→ **TASK DETAILS**
Find the line below that contains "-e(cos- (x)". Transcribe it and every line after it exactly, adding nothing.

[MATERIAL FOR THE TASK]

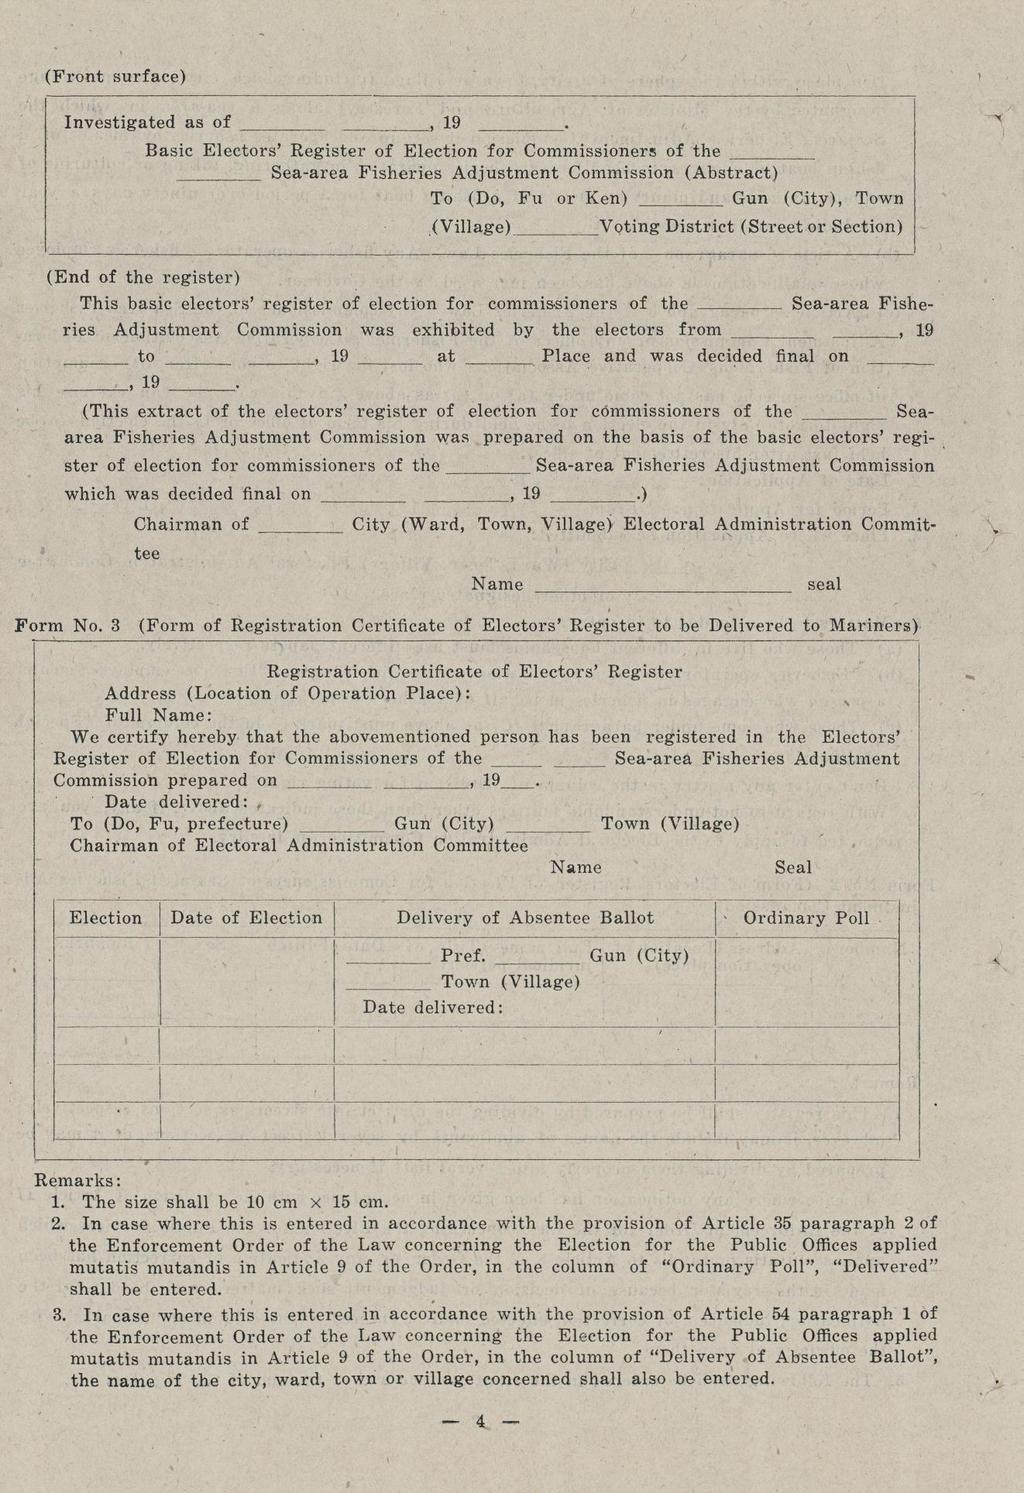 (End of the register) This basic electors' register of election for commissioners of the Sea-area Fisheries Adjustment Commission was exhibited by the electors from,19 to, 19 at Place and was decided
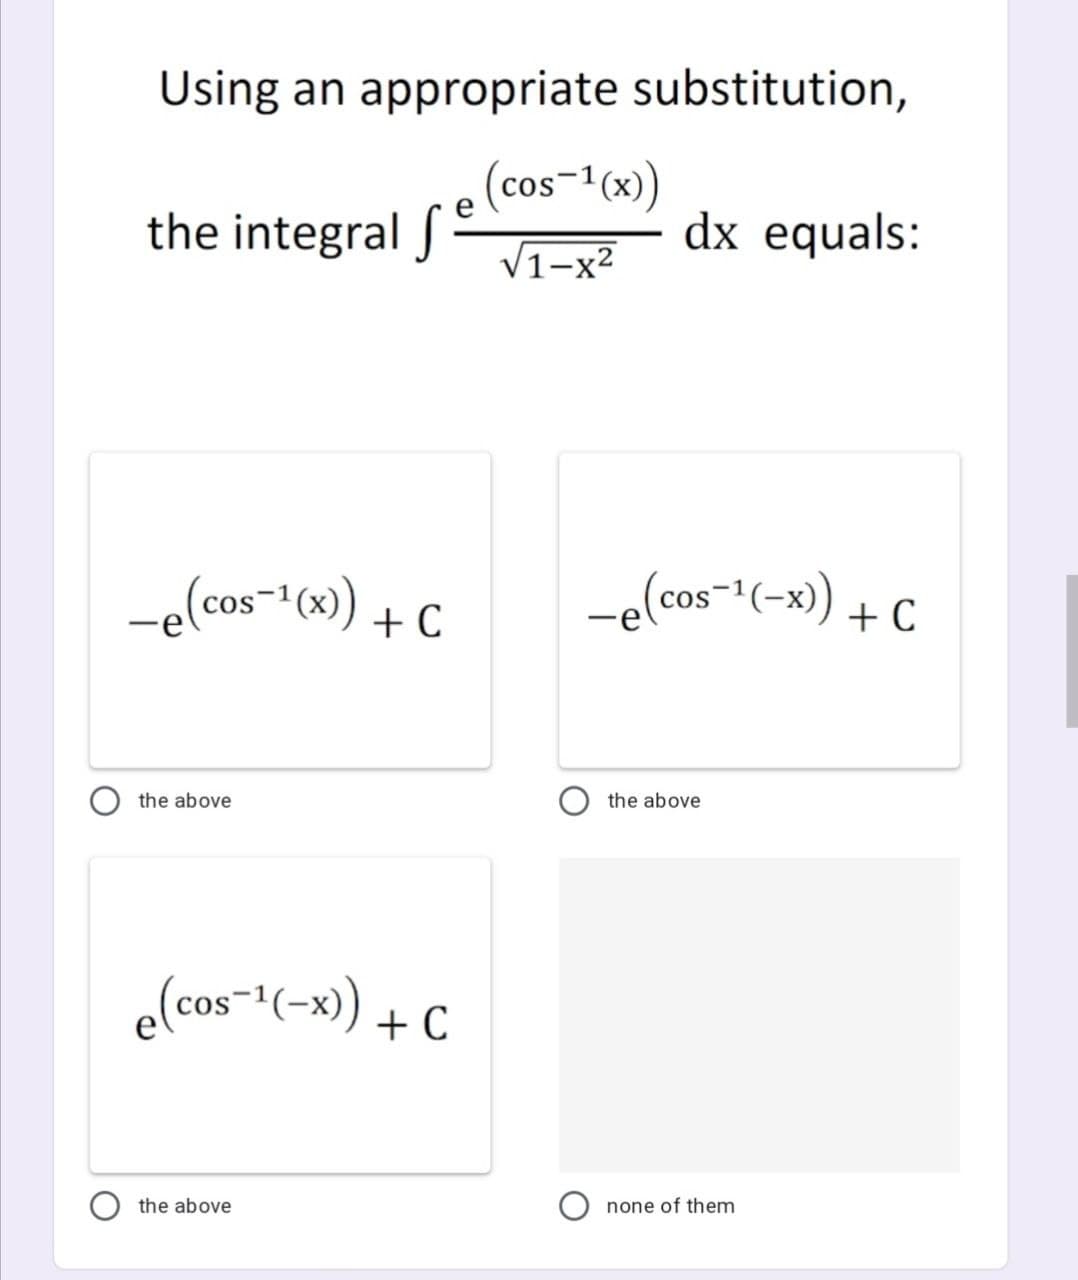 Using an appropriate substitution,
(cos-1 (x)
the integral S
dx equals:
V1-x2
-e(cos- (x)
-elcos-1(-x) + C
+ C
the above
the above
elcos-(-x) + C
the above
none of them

[/MATERIAL FOR THE TASK]

→ **SOLVED PROBLEM**
-e(cos- (x)
-elcos-1(-x) + C
+ C
the above
the above
elcos-(-x) + C
the above
none of them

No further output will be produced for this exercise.